A novel method of estimating sex based on the anthropometric analysis of the pelvis was devised to eliminate all of these drawbacks. Murail et al. [
16] developed the Probabilistic Sex Diagnosis (DSP: Diagnose Sexuelle Probabiliste) method. A large reference population group (over 2000 known sex individuals) from various continents has been used to validate the DSP tool in several community-specific samples. Dry bone samples from known ages and sexes have been utilized in numerous studies to validate the DSP method in various demographic groups, including European populations (like Belgian [
17] or French [
18]) and even Mexican [
19]. Machado et al. [
20] also analyzed the DSP tool and validated the method in Southeast Brazil using an osteological collection from a modern population. Additionally, the DSP method has been validated with great accuracy and reliability using 3D models of the os coxae obtained from CT scans of a living French population and 3D CT scans of a contemporary Danish population [
21,
22]. By comparing real, dry bones against virtual bones (CT scan), Chapman et al. [
17] reported that all of their collection’s coxal bones were correctly identified; the level of indetermination ranged from 2.56% to 46.15%, depending on how many variables were combined.
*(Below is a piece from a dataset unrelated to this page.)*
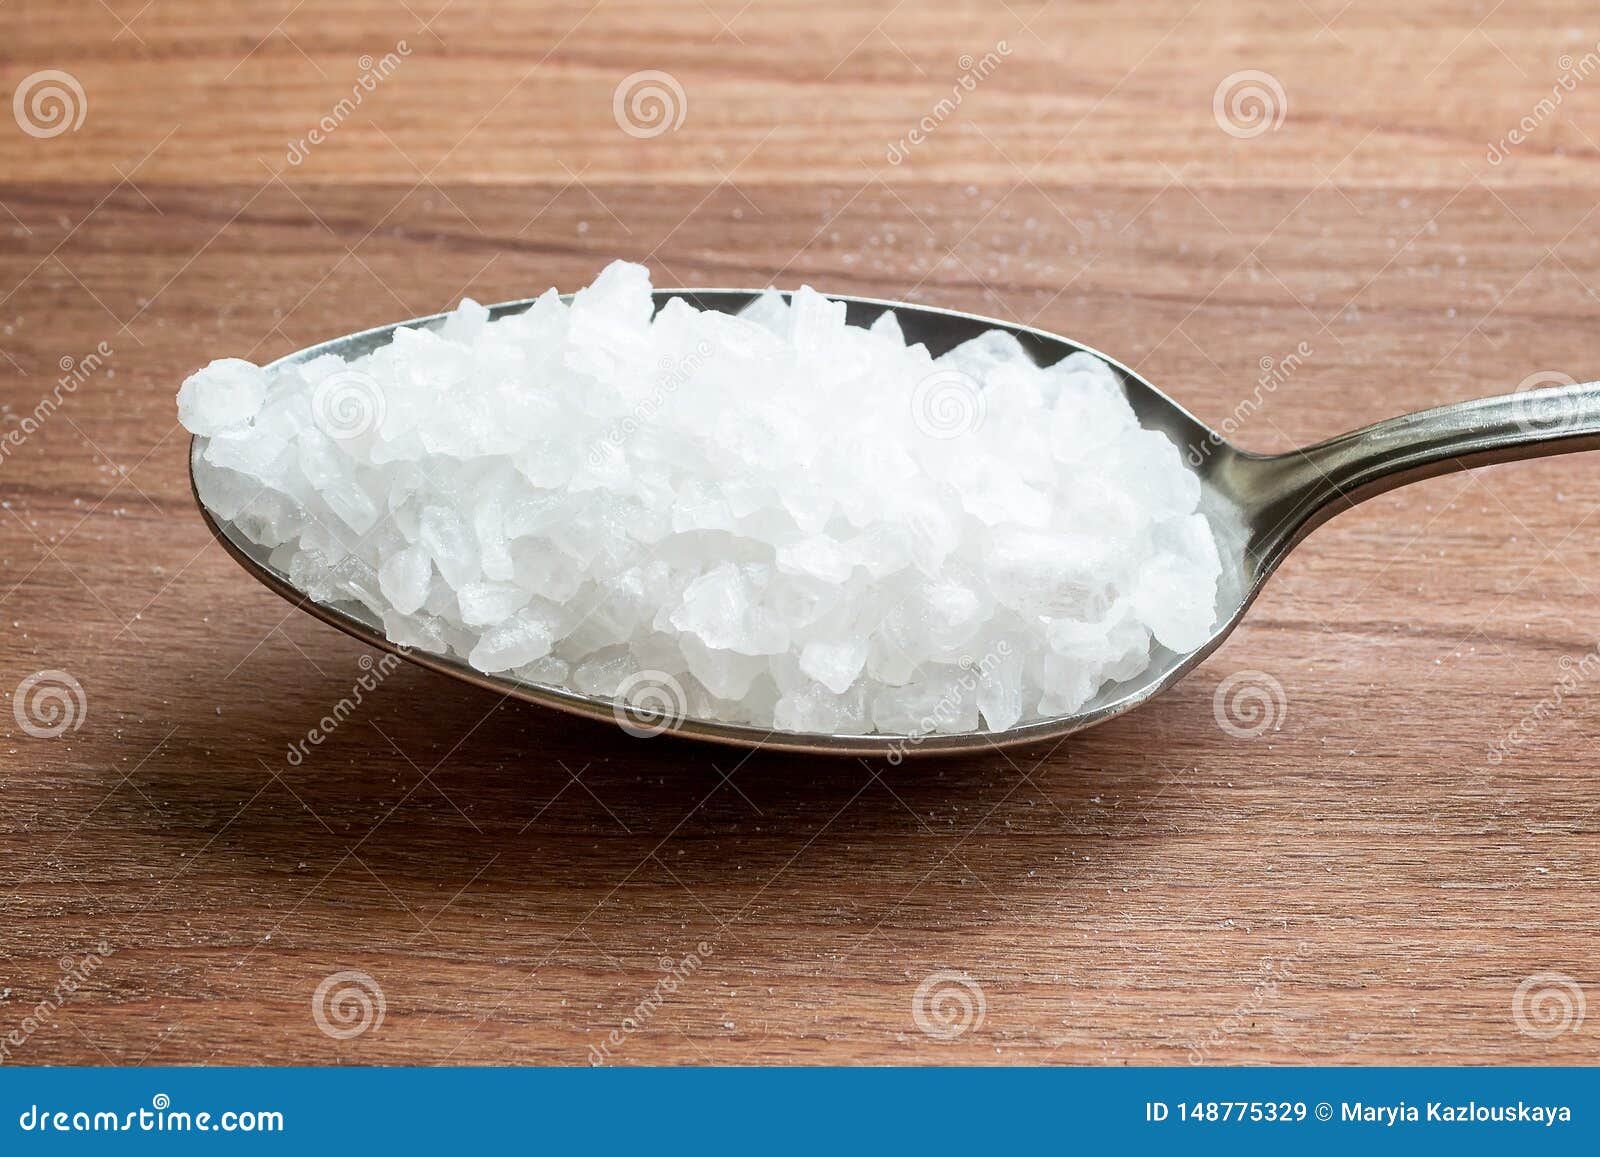 Крупная соль сколько в ложке. Ложка с сахаром на столе. Крупная соль ложка. Крупная соль кристаллами для еды. Крупная соль горка ложка.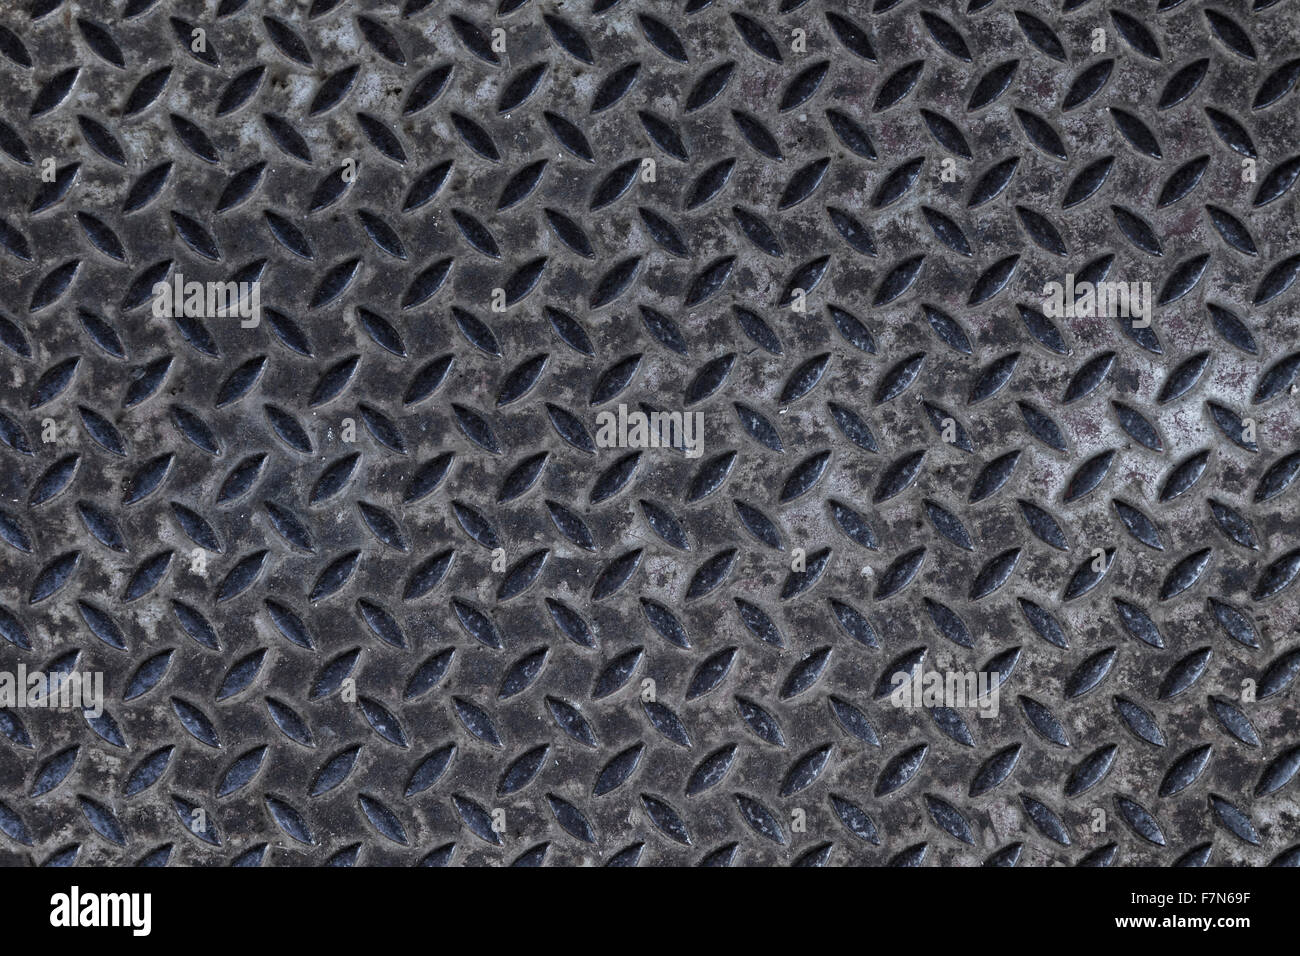 Grunge ruvide testurizzate acciaio vecchio disegno battistrada sullo sfondo Foto Stock

In a recent study on a modern French population using the DSP tool for sex estimation on CT scans of the pelvis, the results showed 97.2% accuracy for women and 92.3% accuracy for men and an indetermination level ranging from 2.8 to 73.1% [
21].
Interest in using medical imaging in forensic anthropology has recently increased. According to numerous research studies, measurements derived from biomedical imaging techniques have shown similar accuracy in sex estimation to other classical methods [
23,
24,
25,
26,
27]. The studies supported the view that DSP is a reliable method of sex estimation based on CT images of the pelvis. Instead of traditional morphological approaches, CT imaging technologies represent a promising alternative for assessing sex in forensic cases [
23,
24].
According to a study by Fukuta et al. [
25], personal forensic identification may be possible using deep learning on pelvic depth images. His research demonstrated that sex estimation might be performed with high accuracy using deep learning and 2D depth pelvic pictures created from homologous models of reconstructed 3D CT images. As demonstrated by the study of Mostafa et al. [
26] among the adult Egyptian population, image processing techniques allow visualization of the bones regardless of how the remains are preserved and could be analyzed beyond contact with the actual bone. The findings of this study showed the value of using detailed virtual images of 3D CT pelvic scans to identify the sex of an individual, especially when the body is partially fleshed or burnt, as in cases found after major disasters where maceration is not a possibility. Furthermore, some research showed the value of using pelvic measurements obtained from adult 3D pelvic computed tomography images in developing a regression formula for adult sex identification. A high validity value of 91.05% accuracy was reported in pelvic anthropometric research of adult Indonesians using a logistic regression model, with 100% sensitivity to identify males and 81.1% specificity to identify females [
27].
This study aimed to evaluate the applicability of the DSP method in the Romanian population and test the accuracy of variables obtained from CT scans.
2. Materials and Methods
The sample consisted of computed tomography images of the pelvis taken from adult living individuals examined at the Department of Radiology, Emergency Municipal Clinical Hospital Timisoara. The clinical data were anonymized and collected following the Declaration of Helsinki.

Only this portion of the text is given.